▸ EXERCISE:
The result should hold only the lines from the one with "lisa suitcase1.jpg" through the final line of the data below, transcribed exactly, pictures left out.

▸ SOURCE MATERIAL:
^^^^

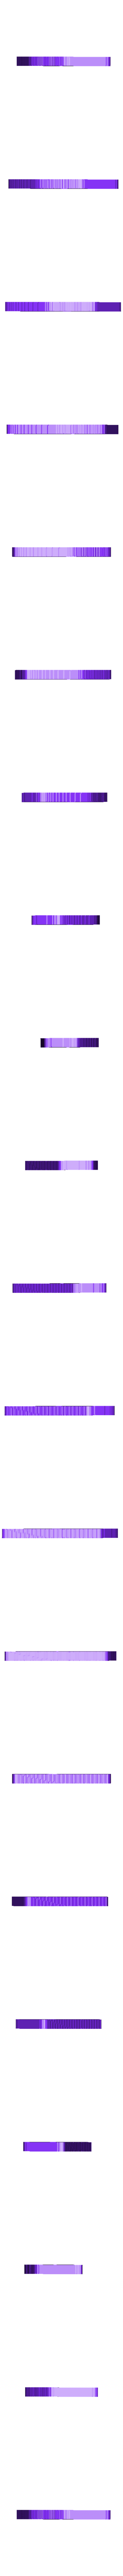 DF XDerby Formula Monaco Front Wing.stl Download free STL file Dreamfactory XDerby • 3D printer template, yanizo
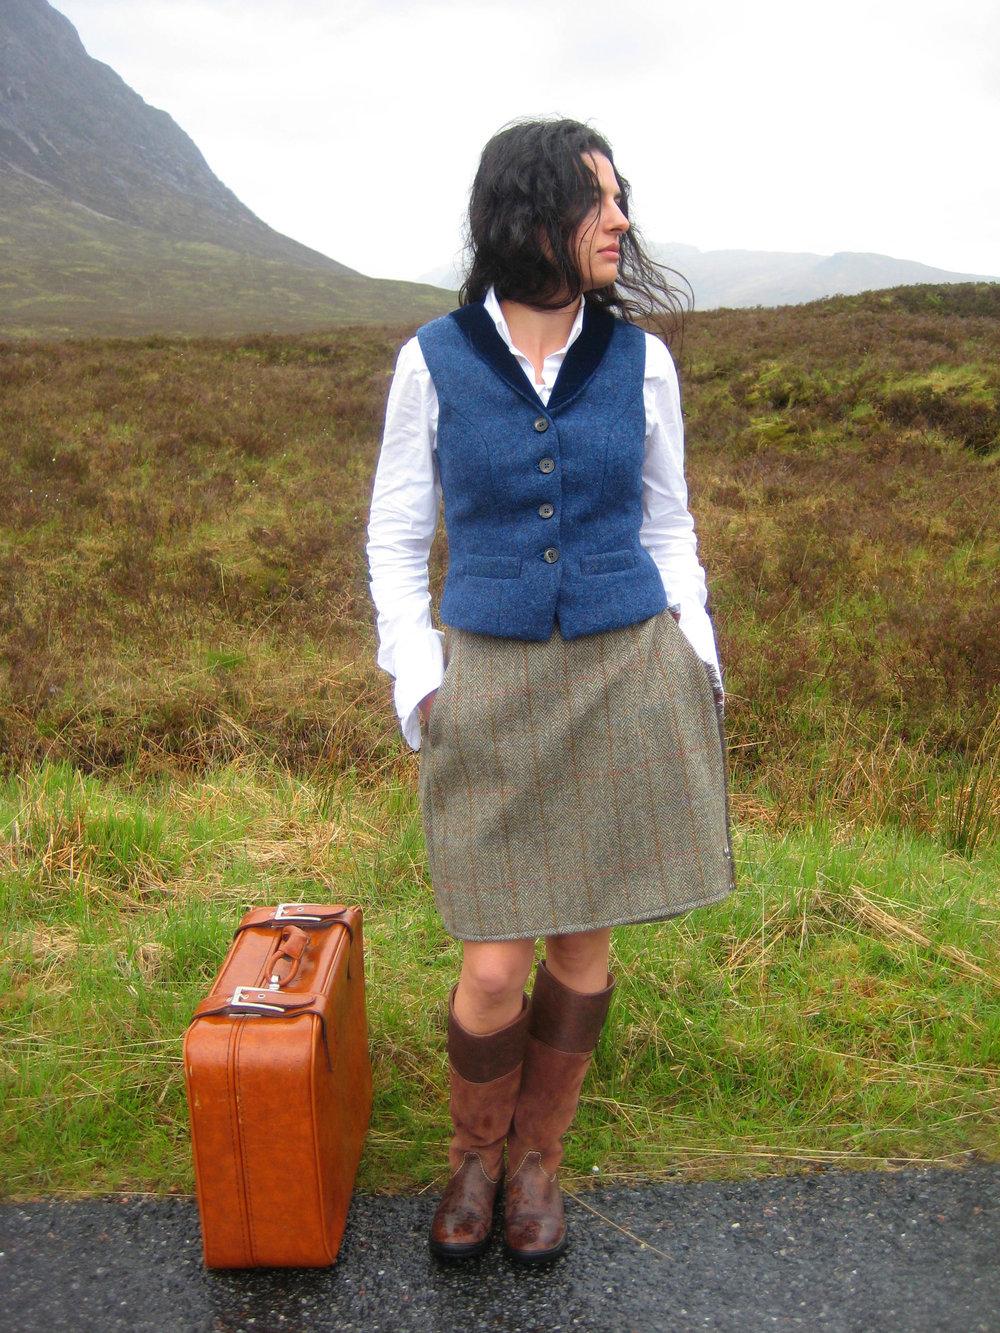 lisa suitcase1.jpg
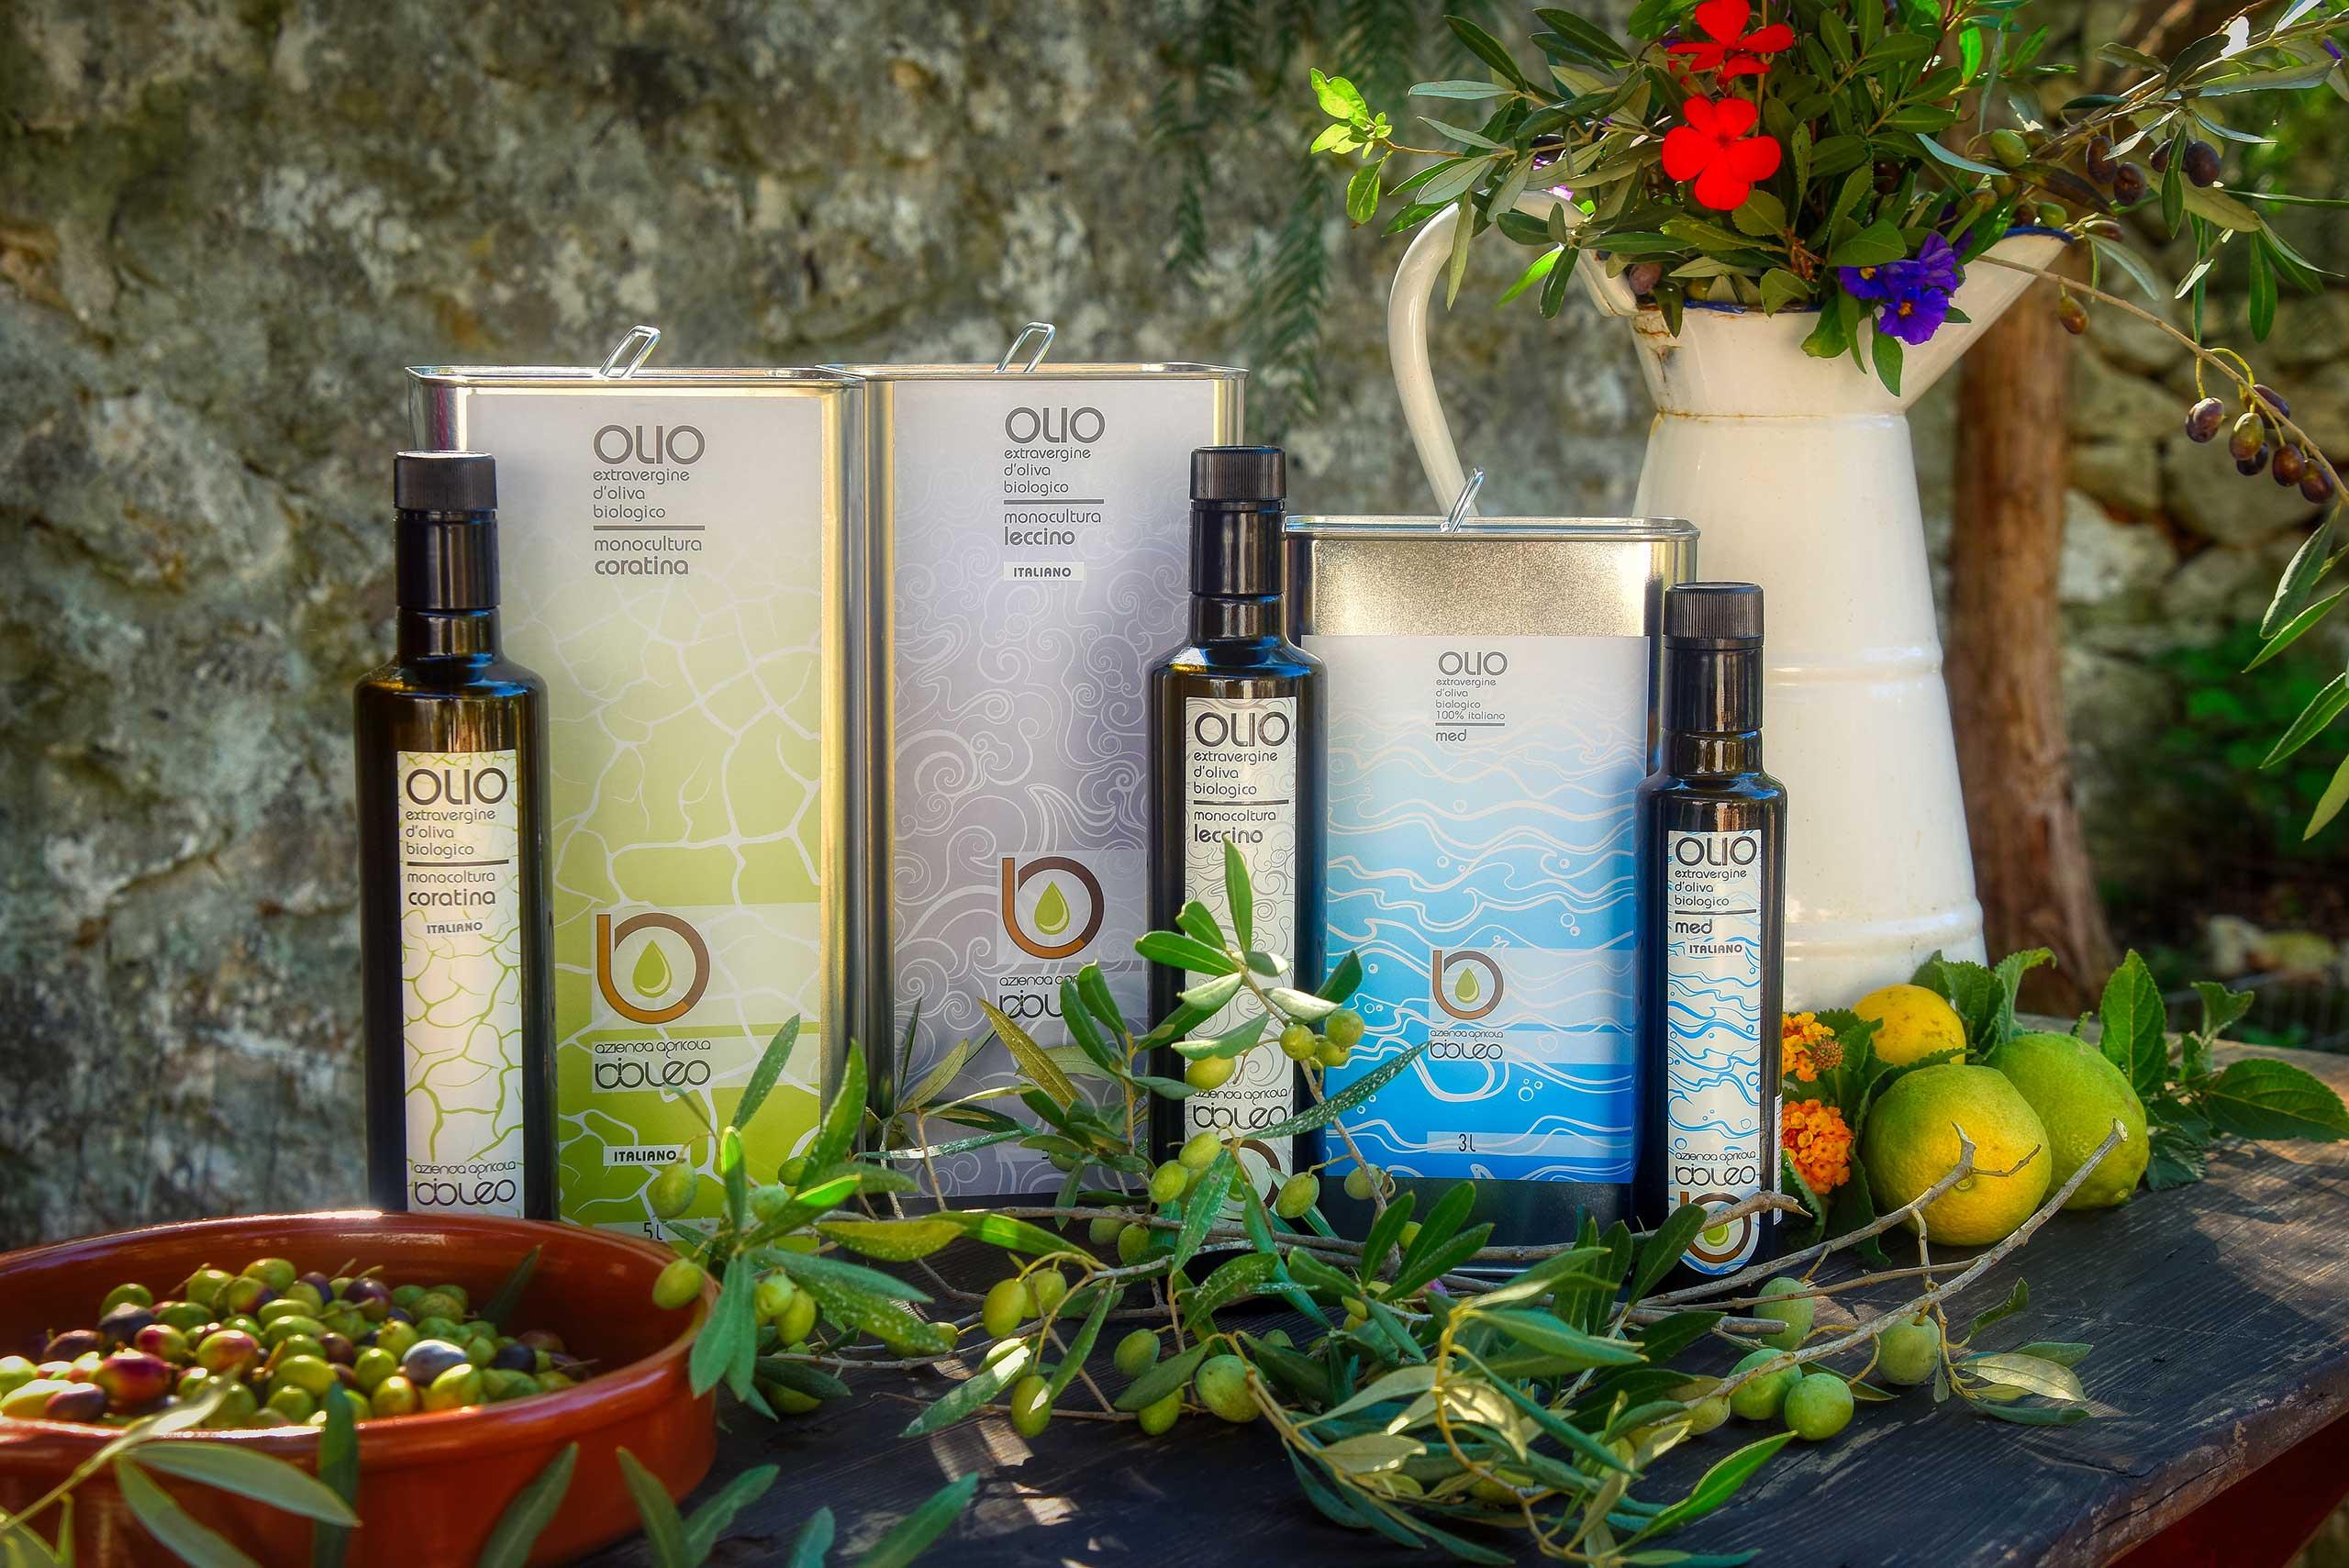 Azienda Agricola Bioleo - Olio extra vergine di oliva biologico
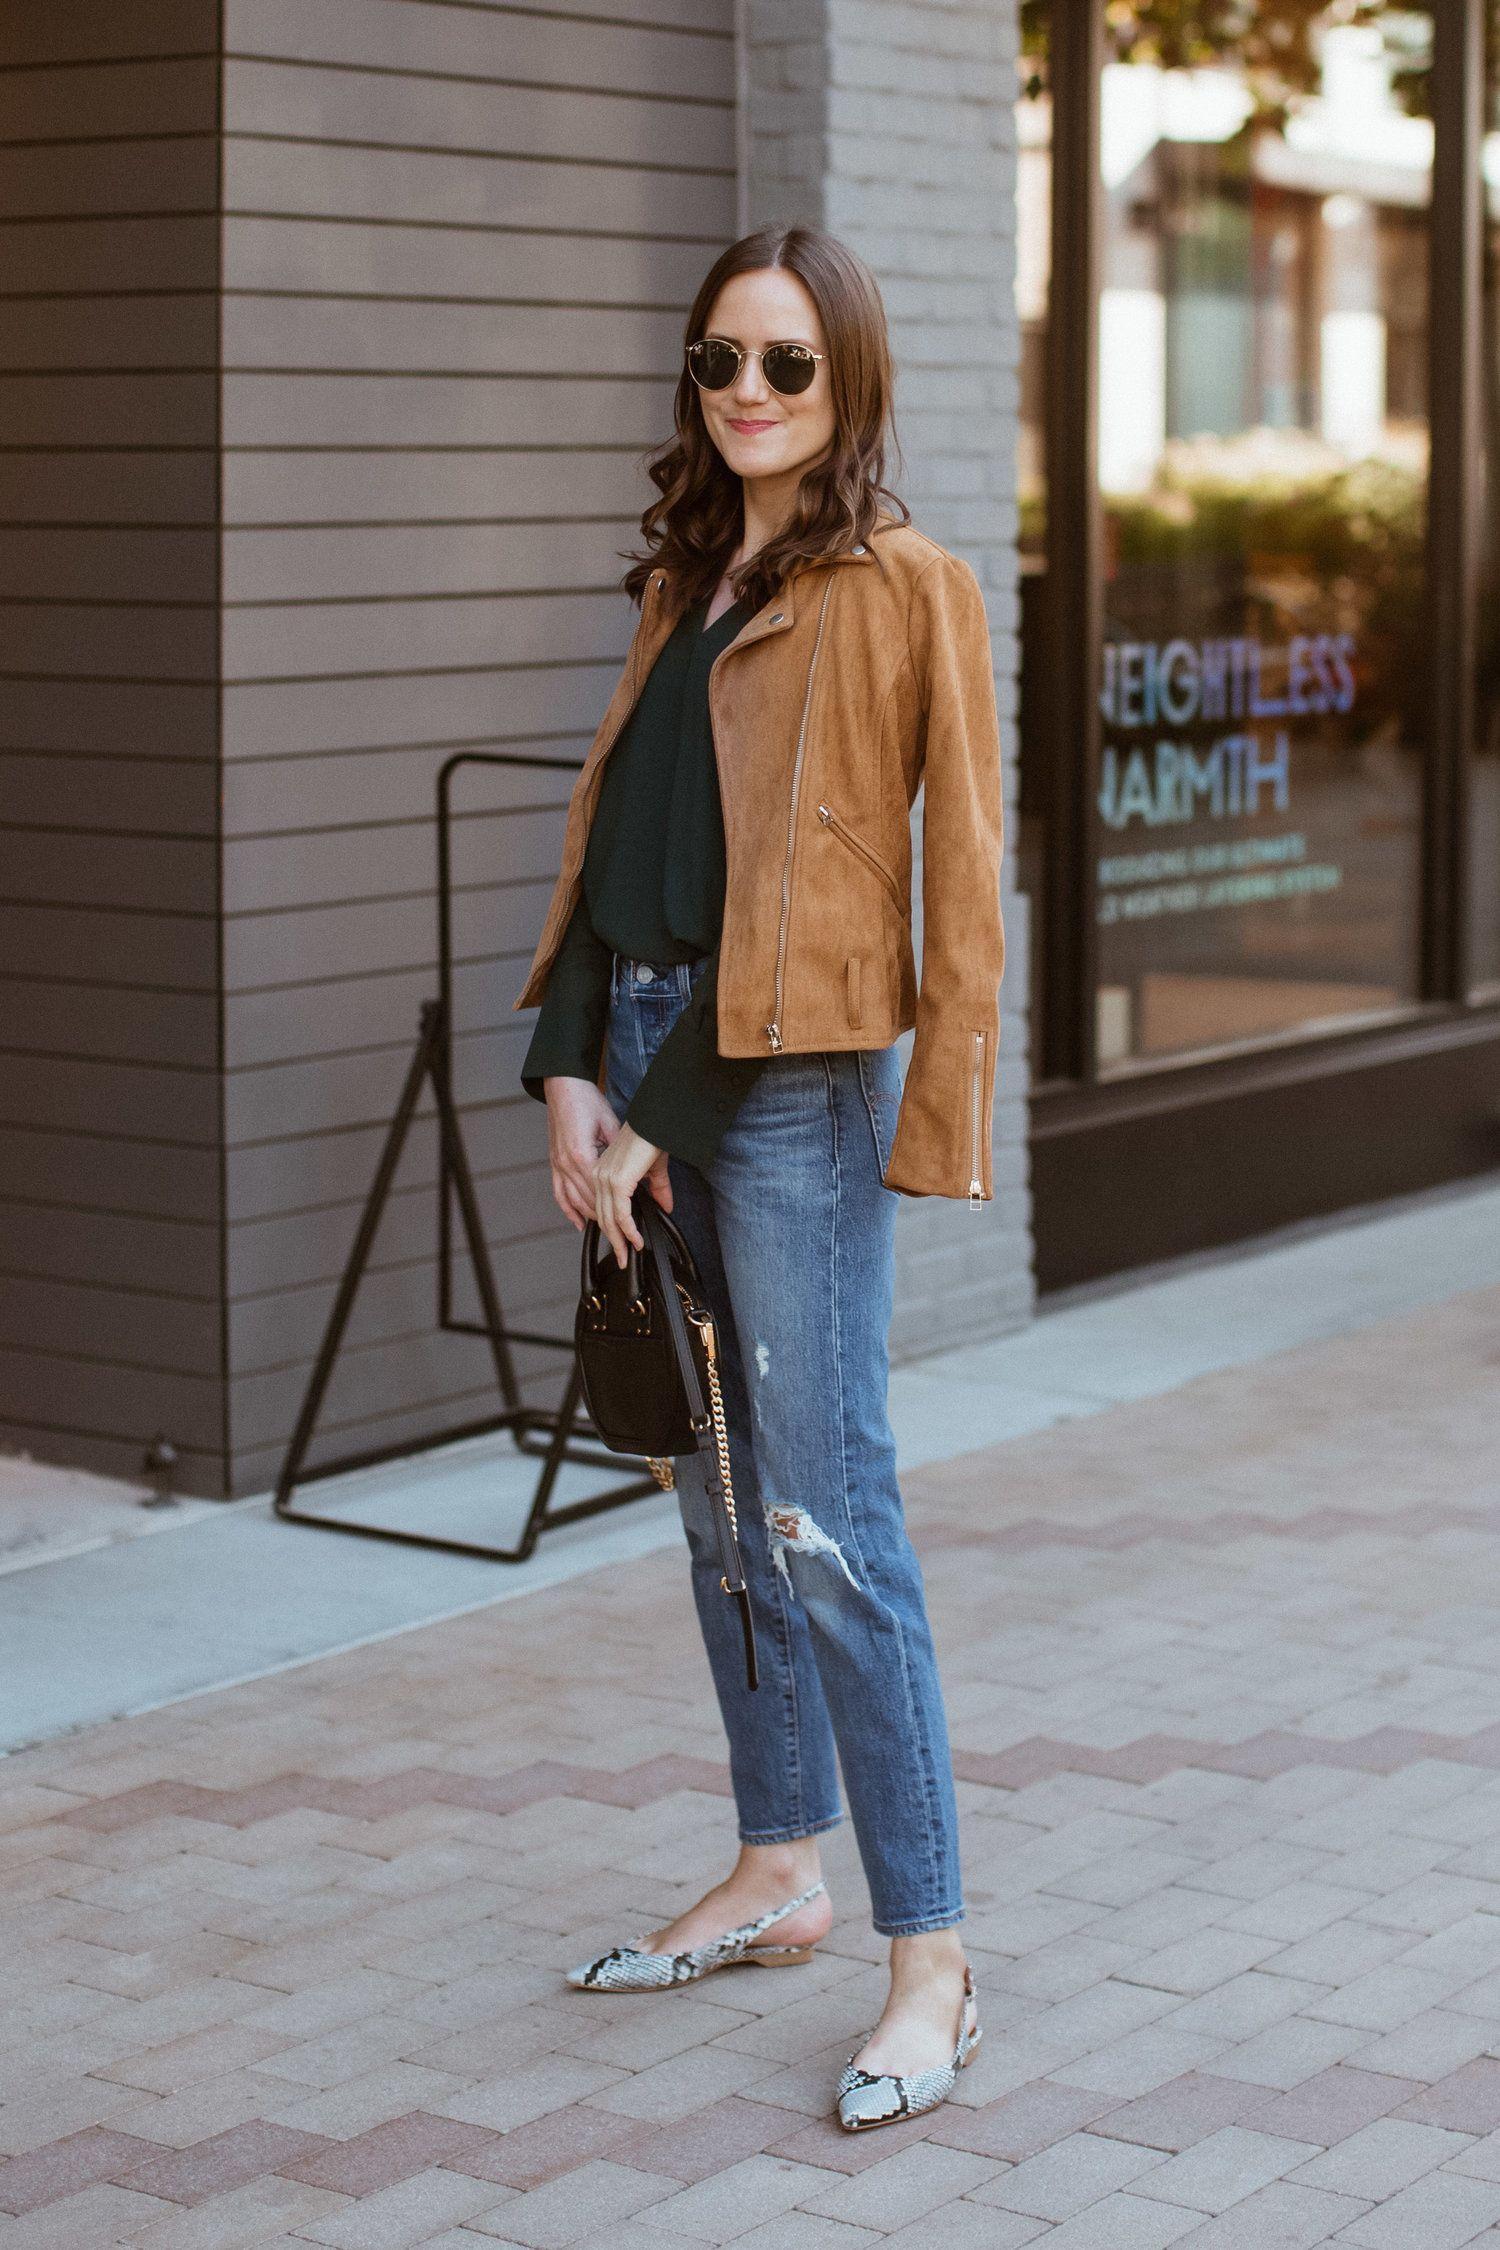 Jacket: suede, sand color, pretty, jeans, cream, nude

^^^^

▸ TASK RESPONSE:
 lisa suitcase1.jpg
 Azienda Agricola Bioleo - Olio extra vergine di oliva biologico
 Jacket: suede, sand color, pretty, jeans, cream, nude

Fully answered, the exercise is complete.